I’ve been keeping an eye out for a low dresser over the past few years. I wanted something cheap, sturdy and within my design aesthetic. The plan is to put our bedroom TV on the dresser and then banish the rolling metro shelving unit that the TV current sits on.
At this point you may be wondering why we need a TV in the bedroom at all, but I think you need to understand that some people in my marriage like to watch international soccer games on TV, while other people in my marriage like watching old episodes of Buffy The Vampire Slayer.
I’ll you guess which is which.
I’d already turned down this mid-century dresser, as the top was a plastic laminate, (meh) and hadn’t seen anything since then that piqued my interest.
But the above vintage solid wood/dovetail drawered campaign dresser was priced at only $20, so I bit the bullet and brought it home. It wasn’t an immediate decision, as I just finished ridding my house of a buttload of unnecessary stuff, but an hour or so of doing image searches of painted campaign dressers put me into a frenzy. (I even put together a Pinterest board of nothing but painted campaign dressers!)
I worried that the dresser would be sold by the time I made it back to Goodwill this morning, (I’d seen it last night) but luck was on my side and I was happy to fork over the twenty smackeroos!
My plan is to paint it a glossy black color and then shine the hell out of the solid brass hardware. There’s a single drawer that needs to be re-glued, but it’s a small job. And for those who wonder why I don’t keep the original wood finish, I need to explain that the wood has those horrible teeny splatters of dark stain to look faux antique. (The dresser is from 1974.)
I think I should be able to start on this project within the next few weeks, and I’ll keep you updated.

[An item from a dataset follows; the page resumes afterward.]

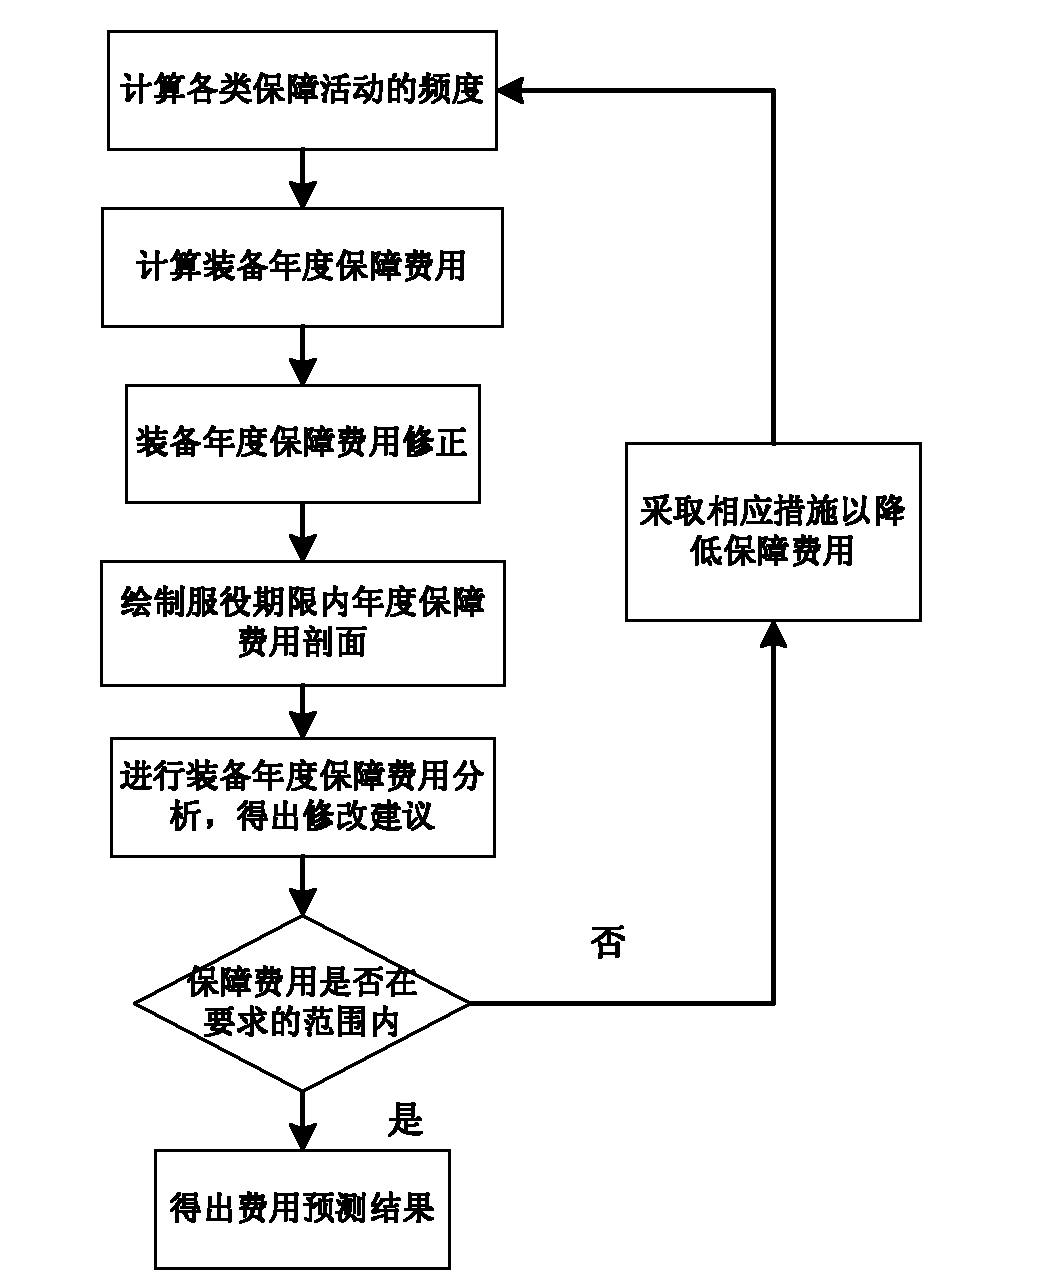 Method for forecasting equipment guarantee expense in development stage

I know it’s inherent in this blog post, but I need to hammer home that low cost/high quality used stuff will always win over the low quality/high cost of a newly manufactured item. Buying used gives us the option to outfit our homes with quality items without spending too much, and most importantly without supporting environmentally irresponsible factories with questionable worker practices.
Take that, Wal-Mart!
“Use it up, wear it out, make it do or do without.”